Phone hacking suspect arrested

 

Detectives investigating phone hacking and police bribery at defunct British tabloid the News of the World on Tuesday arrested the newspaper's former managing editor, police and British media said.

He is the latest in a string of executives to be questioned about wrongdoing at the Rupert Murdoch-owned newspaper.

The Metropolitan Police said a 71-year-old man had been arrested by appointment on Tuesday morning at a London police station. They did not name him in keeping with the British police practice of not identifying suspects who have not been charged.

Sky News, which is 39 percent owned by Murdoch's News Corp, identified him as former News of the World managing editor Stuart Kuttner, who was managing editor of the News of the World for 22 years until he resigned in July 2009, taking charge of its finances and acting as the public face of the paper, which closed last month amid the hacking scandal.

The man was questioned on suspicion of conspiring to intercept communications, phone hacking and on suspicion of corruption, which relates to claims that journalists bribed police officers for information. He was released on bail a few hours later pending further questioning later this month, police said.

Police have so far arrested 11 people since launching a new hacking probe in January, including Murdoch's former British newspaper chief Rebekah Brooks and Andy Coulson, an ex-News of the World editor who went on to be Prime Minister David Cameron's communications chief.

Coulson was the paper's editor when royal reporter Clive Goodman and private investigator Glenn Mulcaire were arrested and jailed in 2007 for hacking the phones of royal staff. The newspaper claimed for years that hacking was limited to those two rogue staff, but had now admitted it was more widespread.

The scandal has sent shock waves through the media baron's global News Corp empire, forcing the resignations of Brooks and top US aide Les Hinton, and prompting the group to drop its bid for British pay-TV giant BSkyB.

It has also triggered the resignation of Britain's most senior police officers amid claims of too-cozy ties between the London force and News International.

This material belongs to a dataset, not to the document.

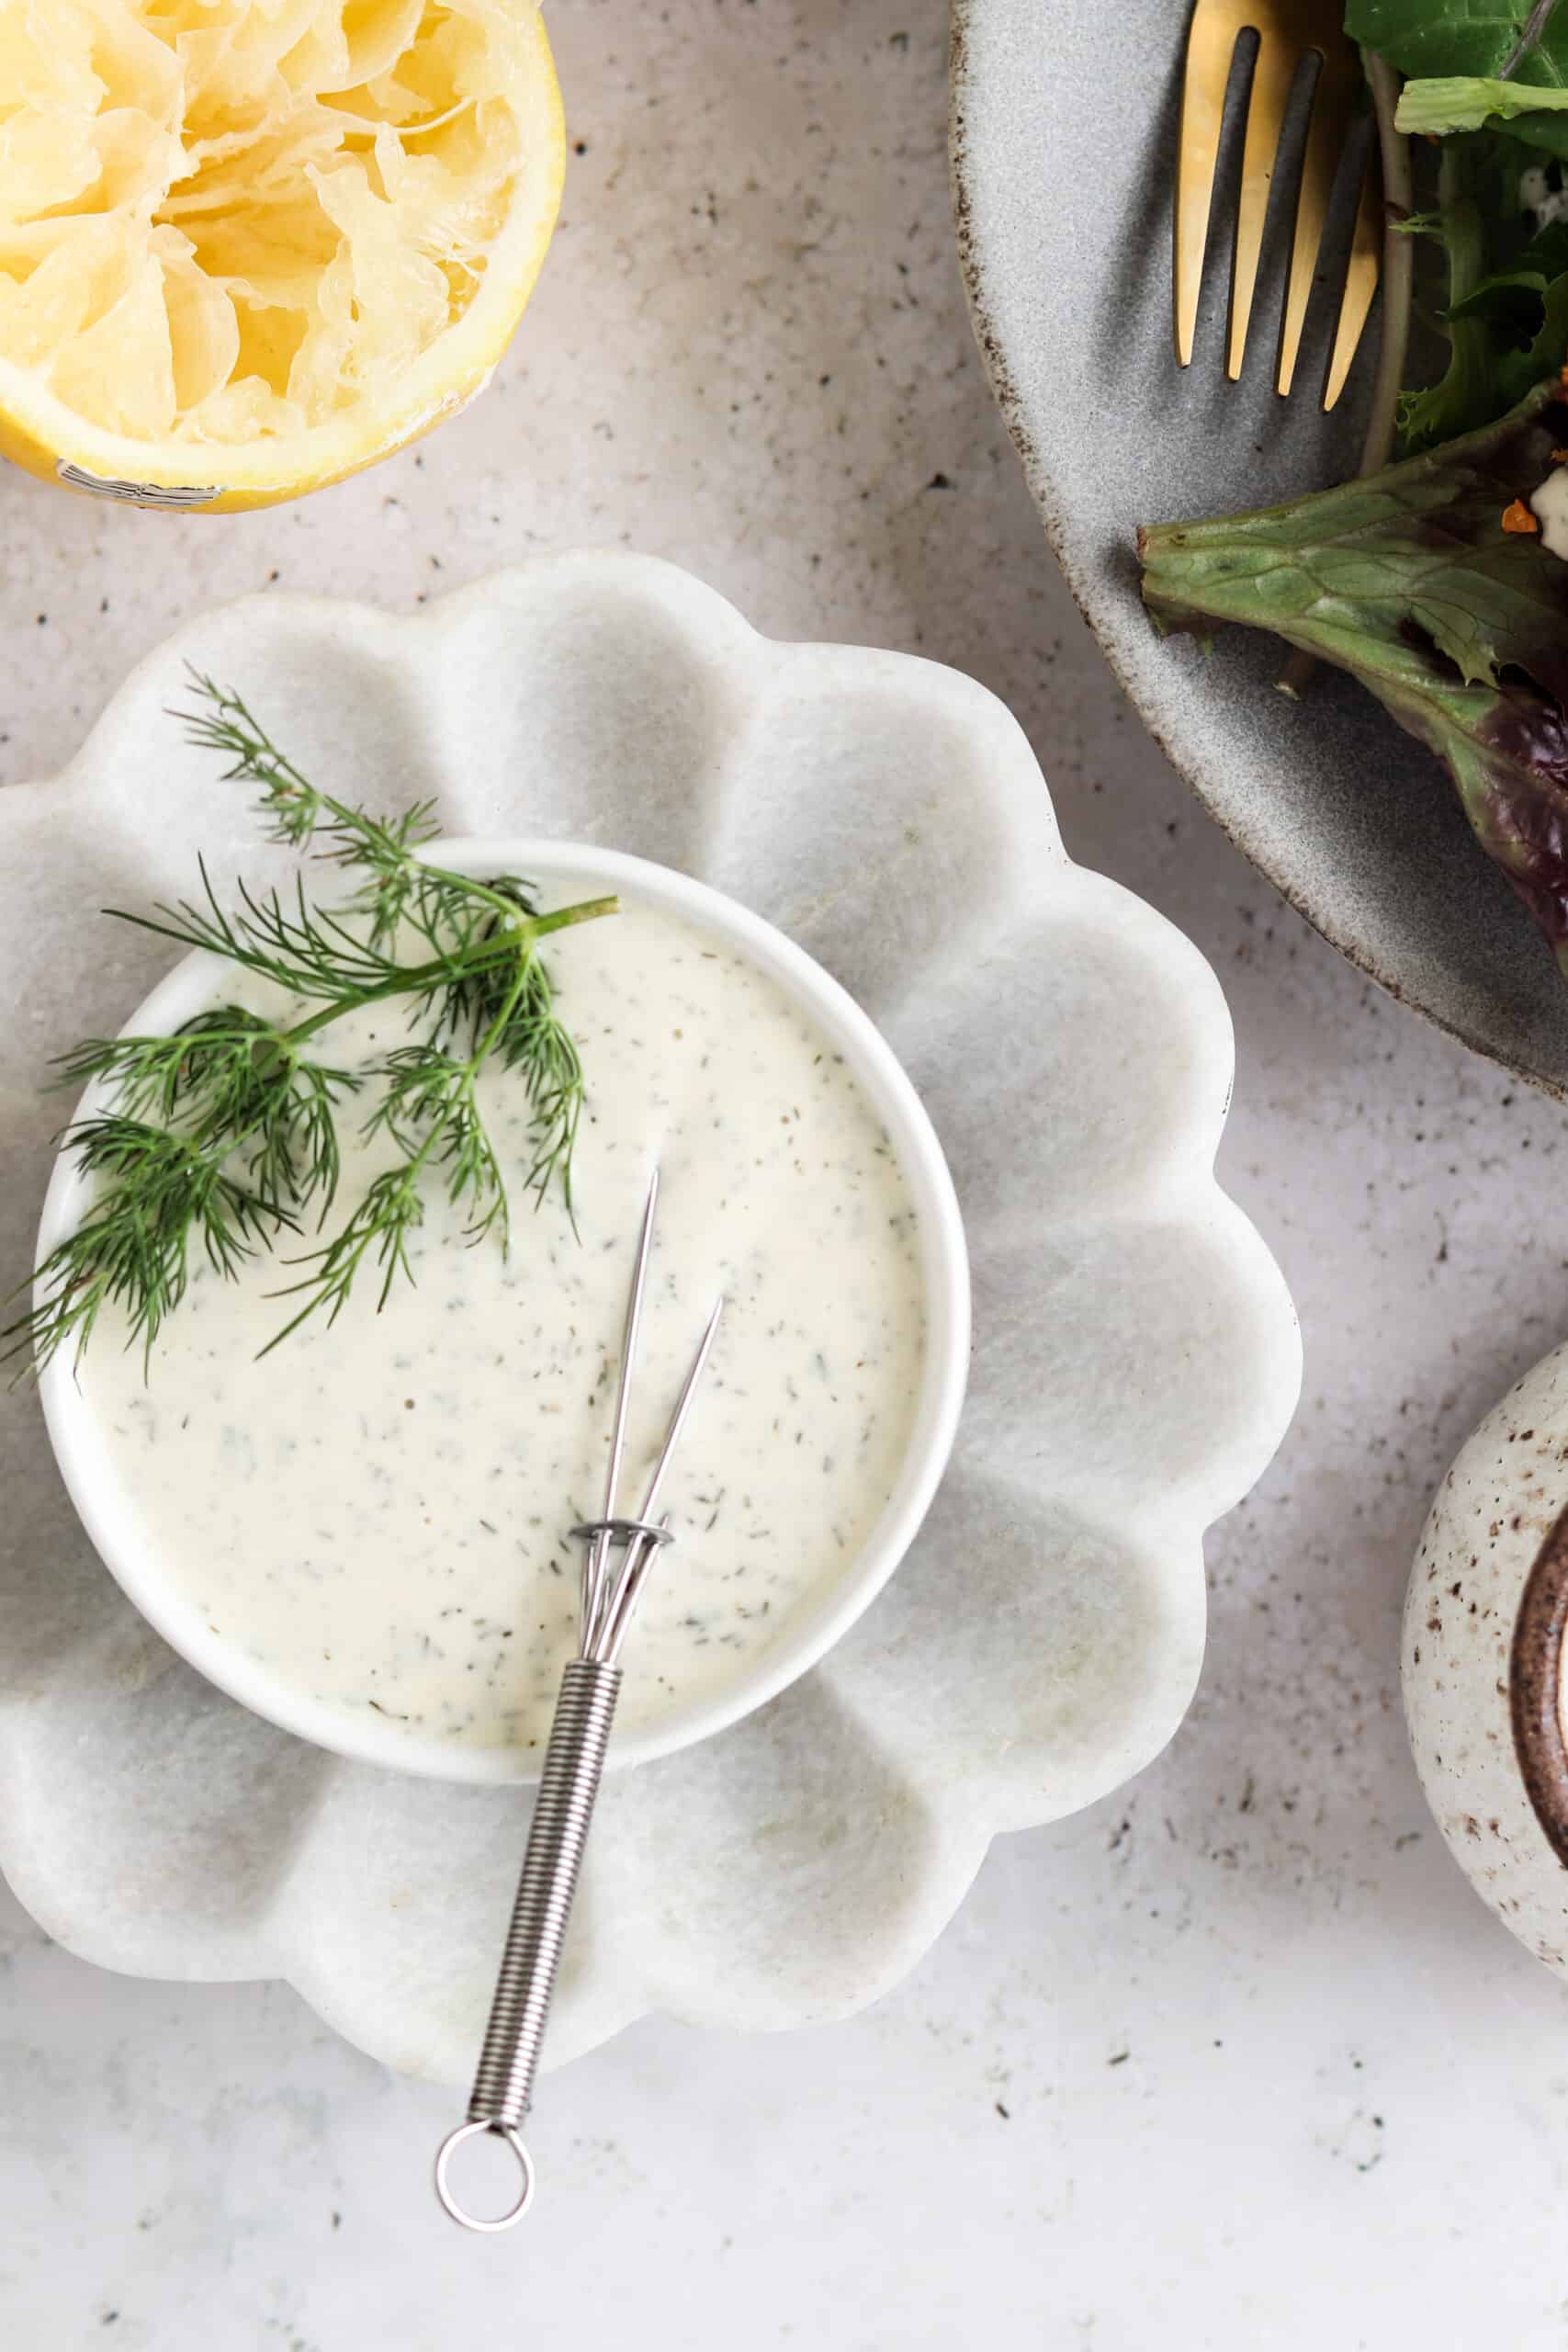 Dill aioli in a bowl with fresh dill and lemon juice.

Police, who have been criticized for failing to uncover the extent of hacking in their original investigation, are now running parallel inquiries into hacking and police bribery.

Also on Tuesday, comedian Jonathan May-Bowles was jailed at a London court for six weeks after pleading guilty to assaulting Australian-born Murdoch during a parliamentary hearing on phone hacking on July 19.

The 26-year-old, who goes by the stage name of "Jonnie Marbles", splattered the 80-year-old tycoon with a plate of shaving foam.

"You attended with only one objective in mind, which was to disrupt proceedings," said District Judge Daphne Wickham, adding that May-Bowles must serve a minimum of three out of the six weeks.